### PROBLEM DESCRIPTION
Leaving the pictures aside, write out the whole listing below exactly.
Start of PROVIDED DATA
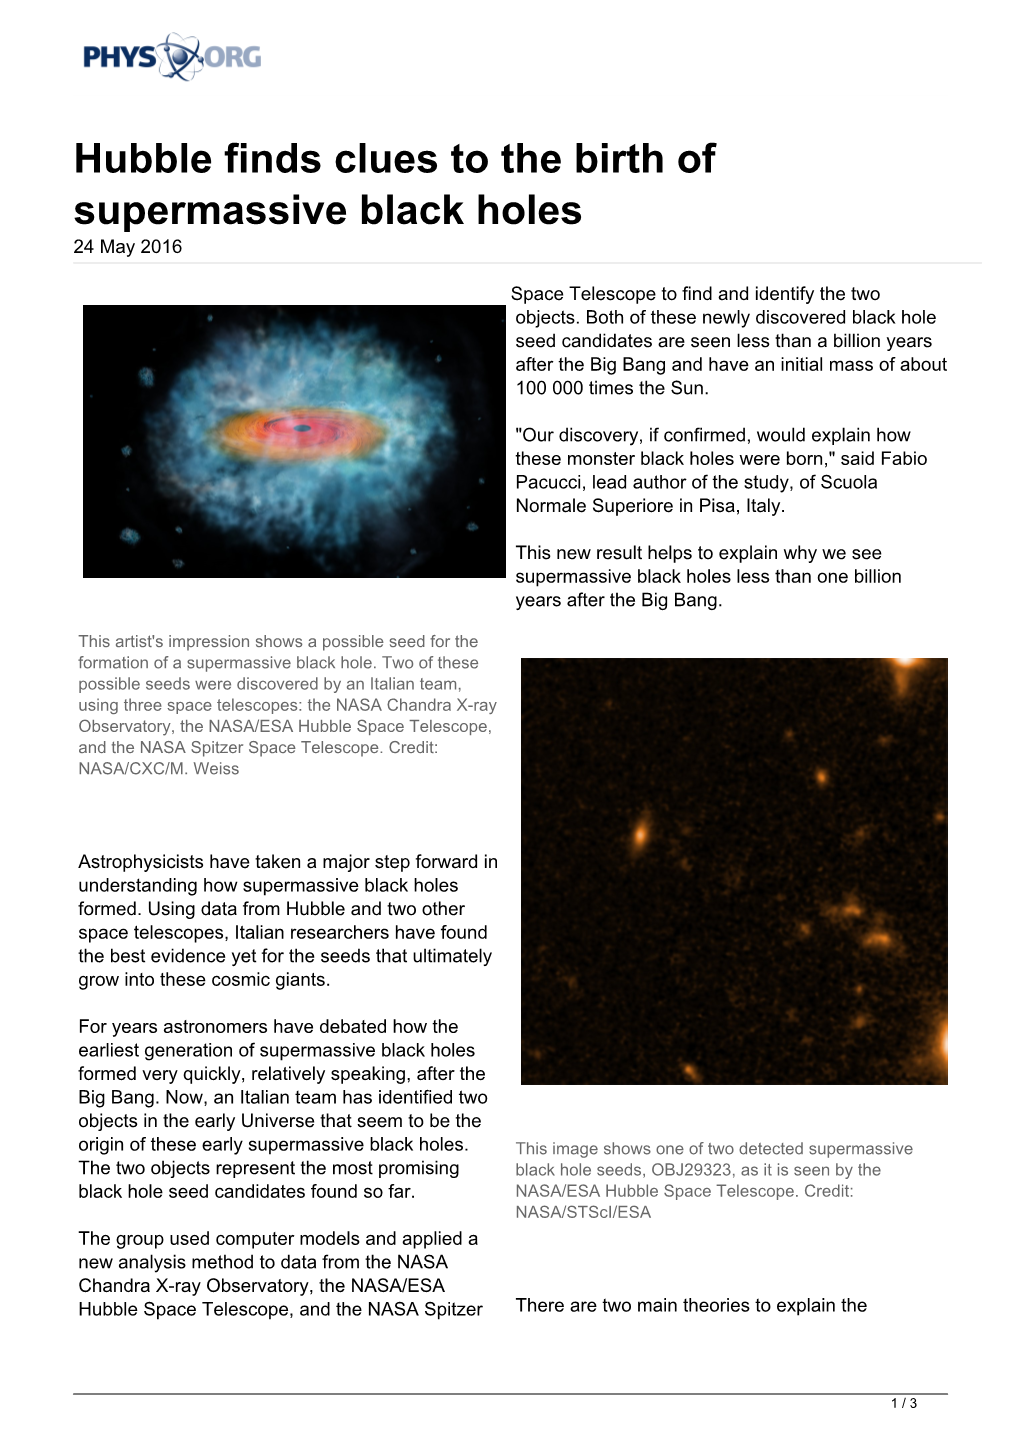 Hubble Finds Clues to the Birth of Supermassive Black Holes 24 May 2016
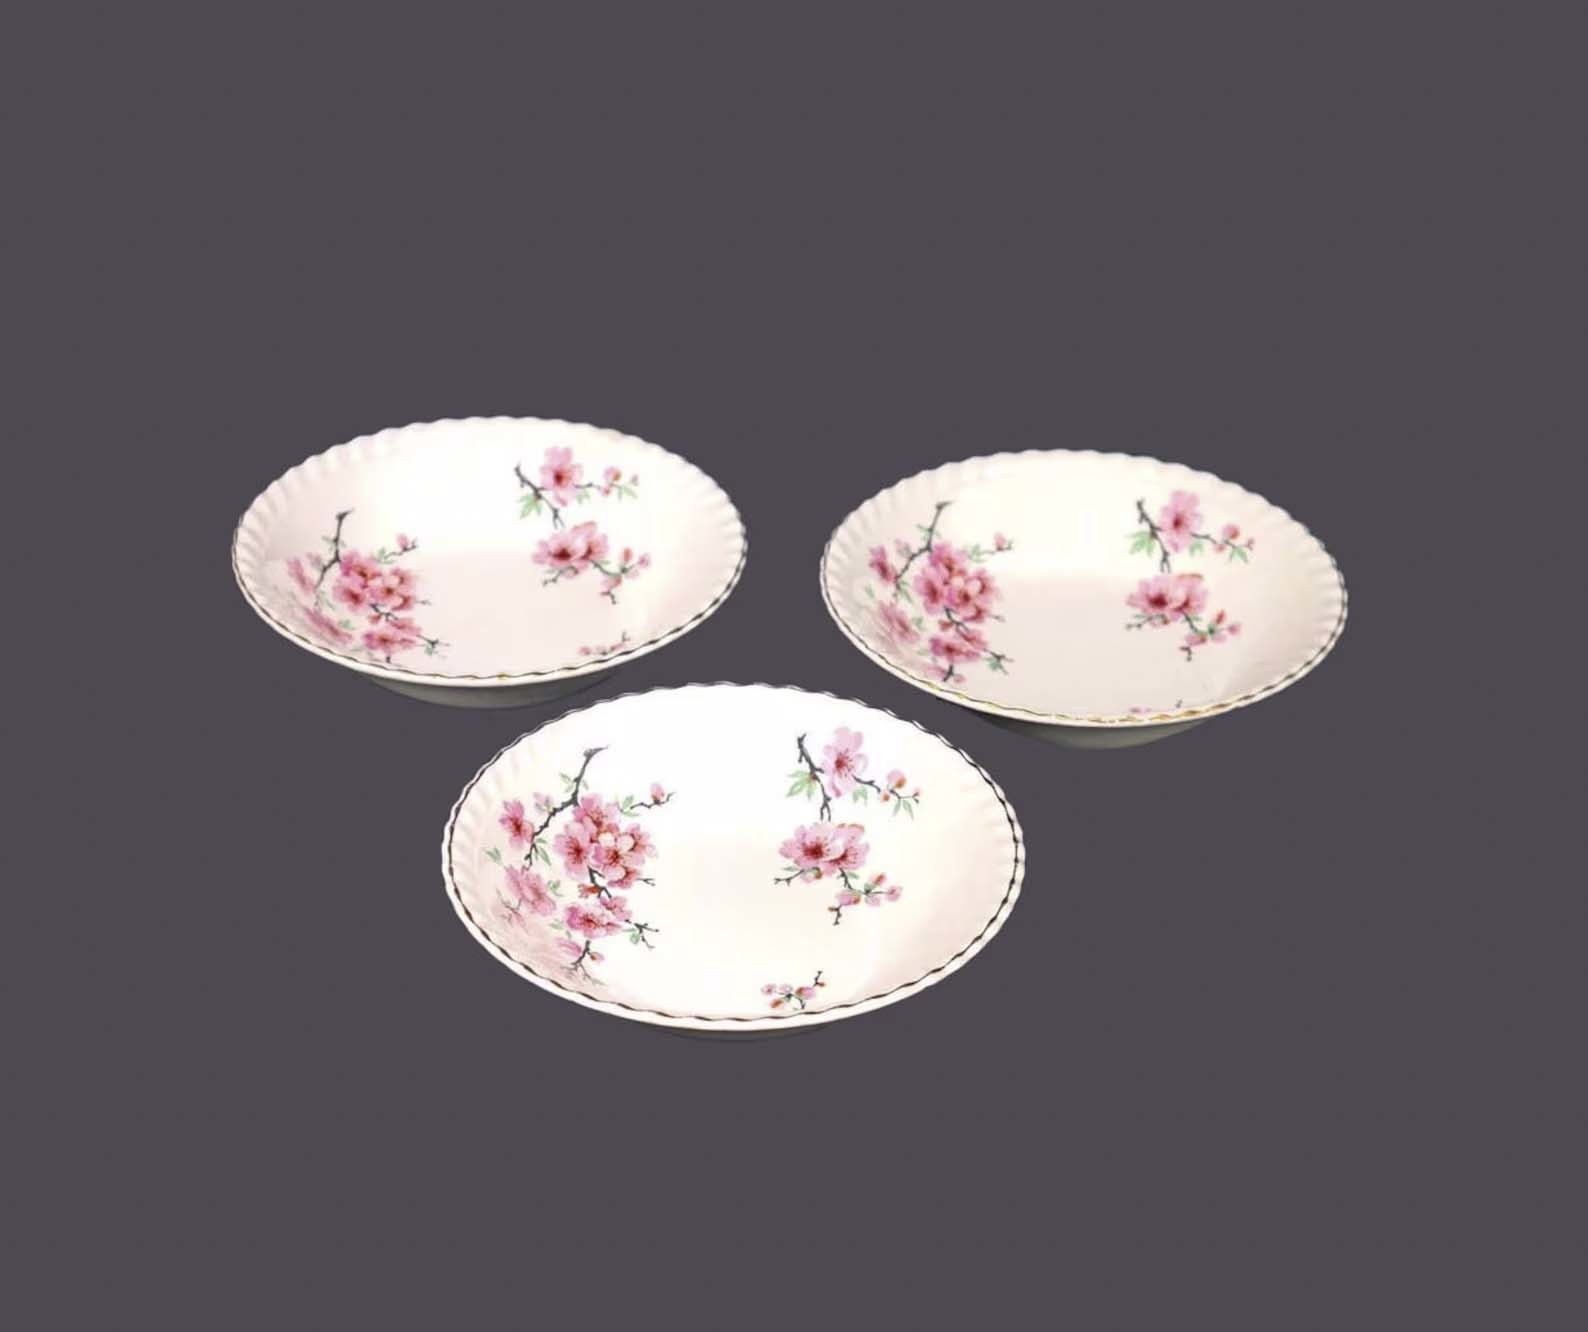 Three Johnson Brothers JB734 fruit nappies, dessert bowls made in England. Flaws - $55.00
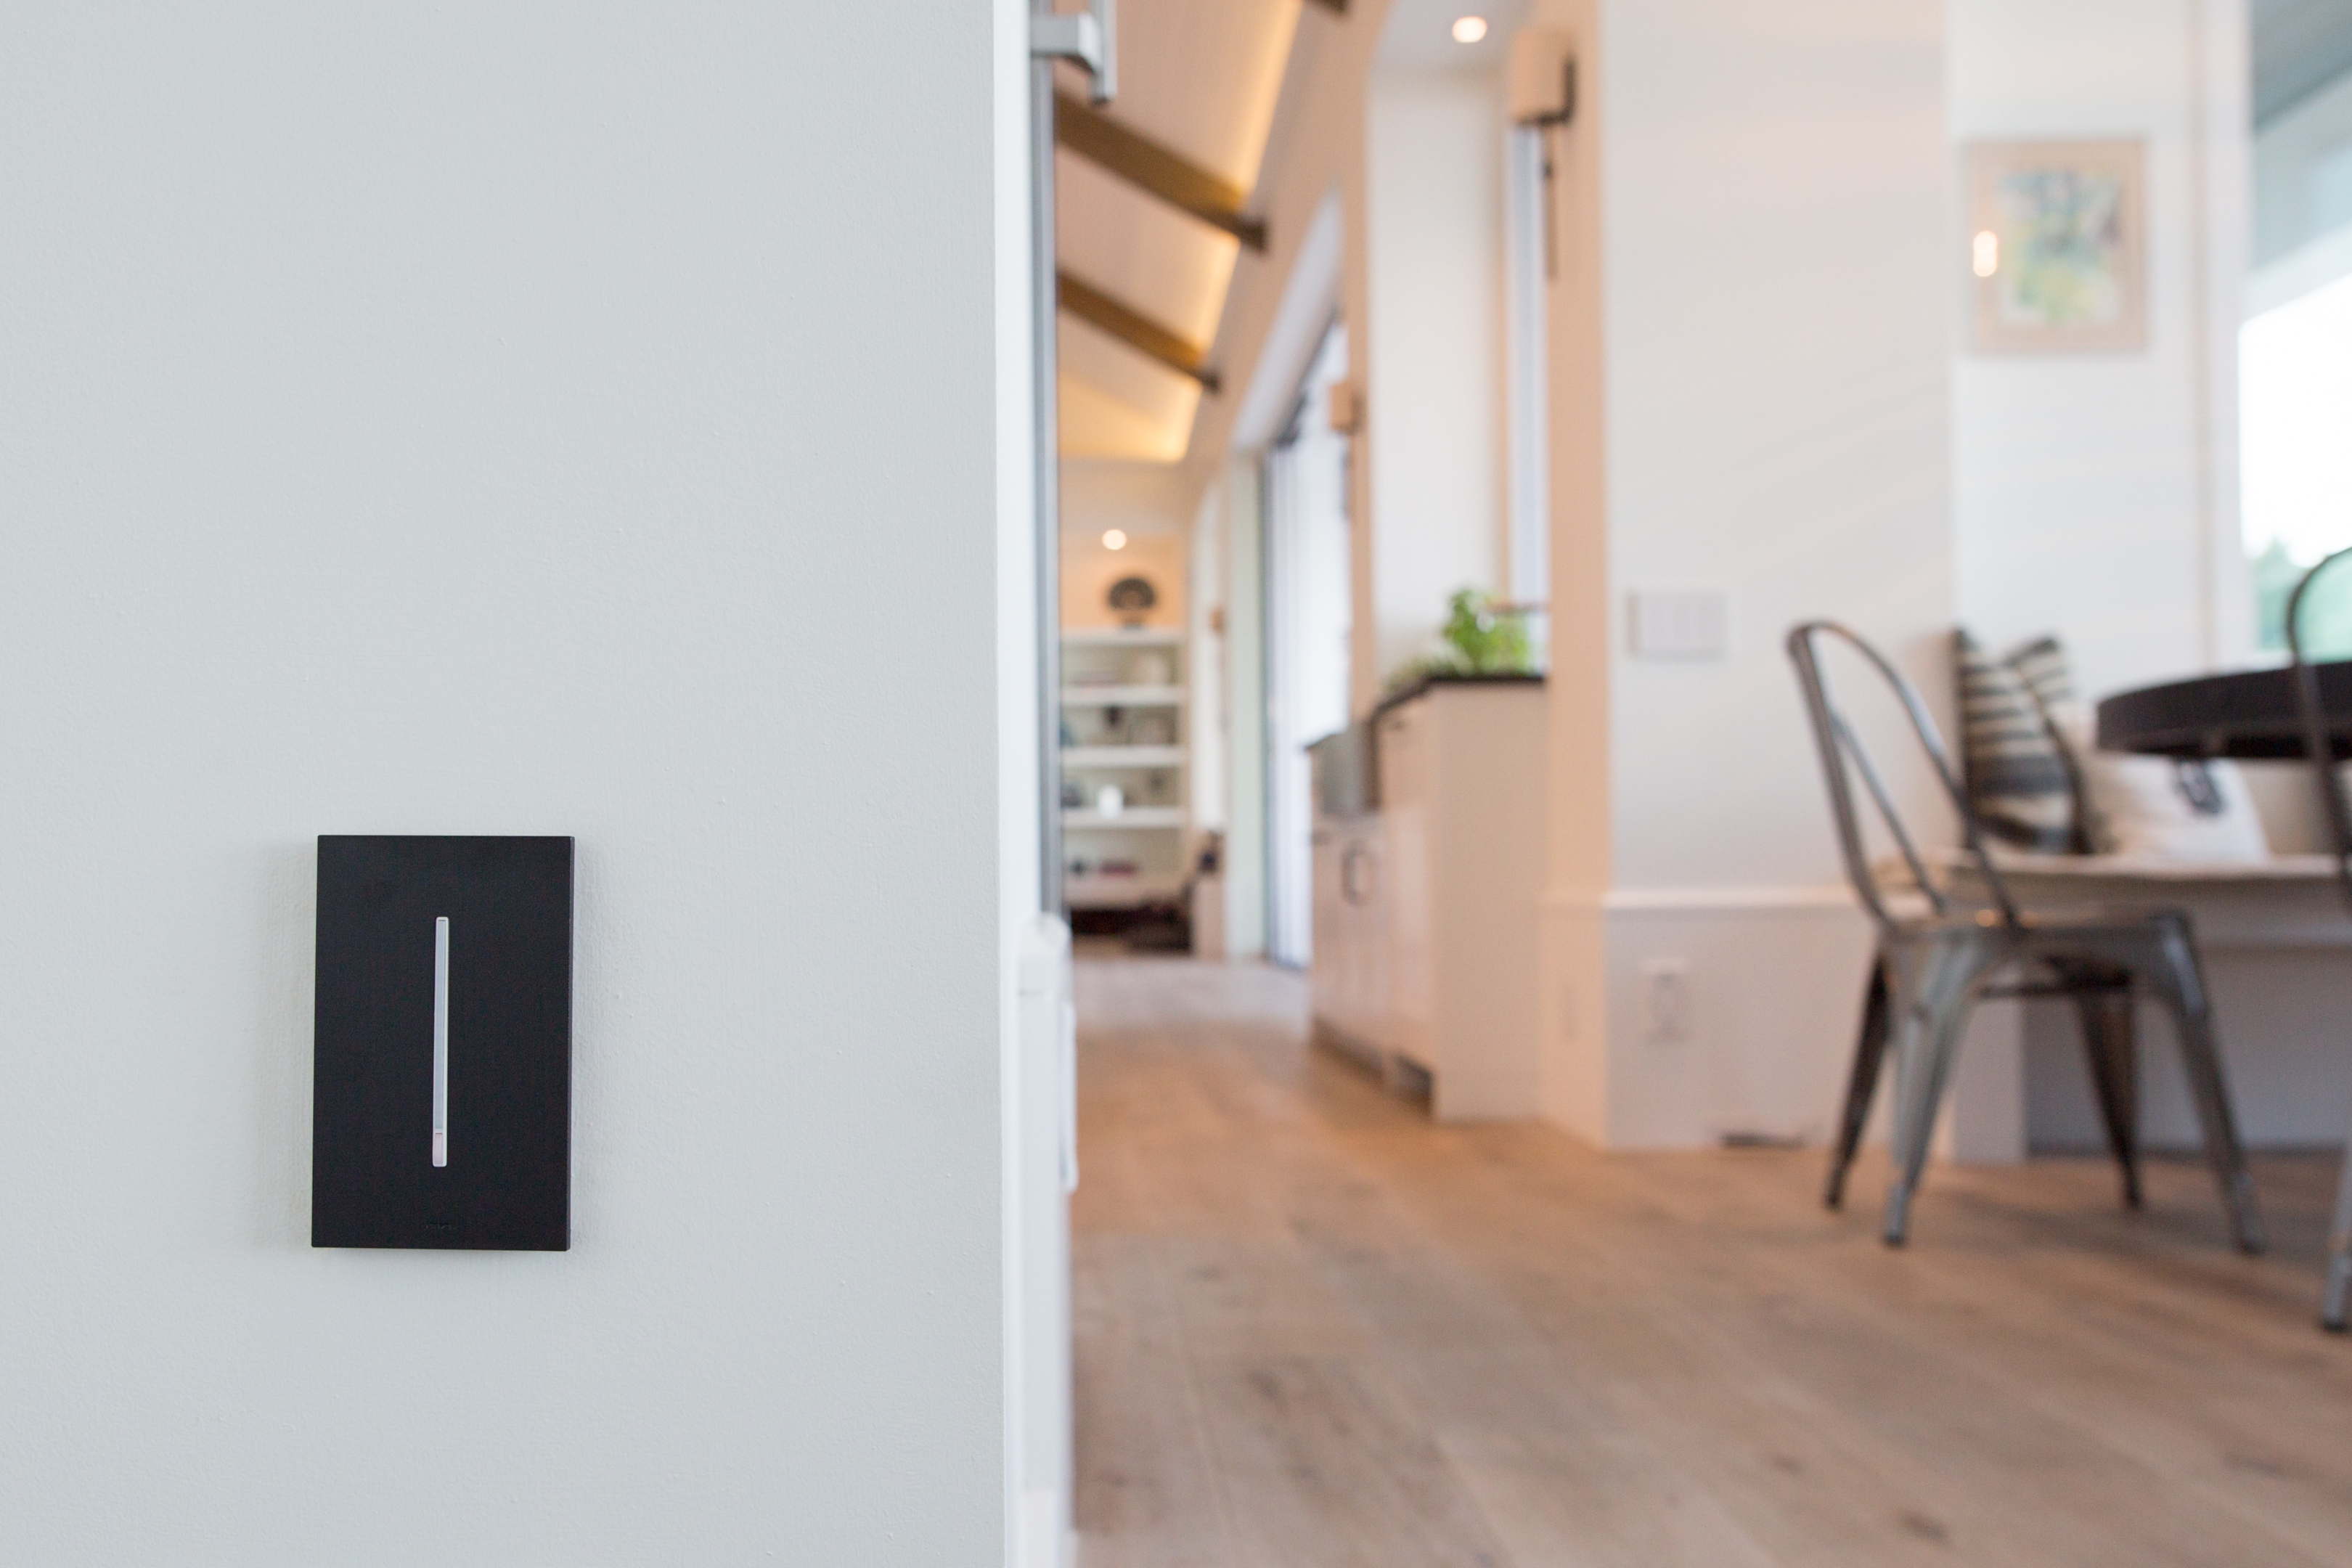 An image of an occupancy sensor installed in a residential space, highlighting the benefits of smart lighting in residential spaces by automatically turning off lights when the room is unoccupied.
End of PROVIDED DATA
### RESULT BELOW
 Hubble Finds Clues to the Birth of Supermassive Black Holes 24 May 2016
 Three Johnson Brothers JB734 fruit nappies, dessert bowls made in England. Flaws - $55.00
 An image of an occupancy sensor installed in a residential space, highlighting the benefits of smart lighting in residential spaces by automatically turning off lights when the room is unoccupied.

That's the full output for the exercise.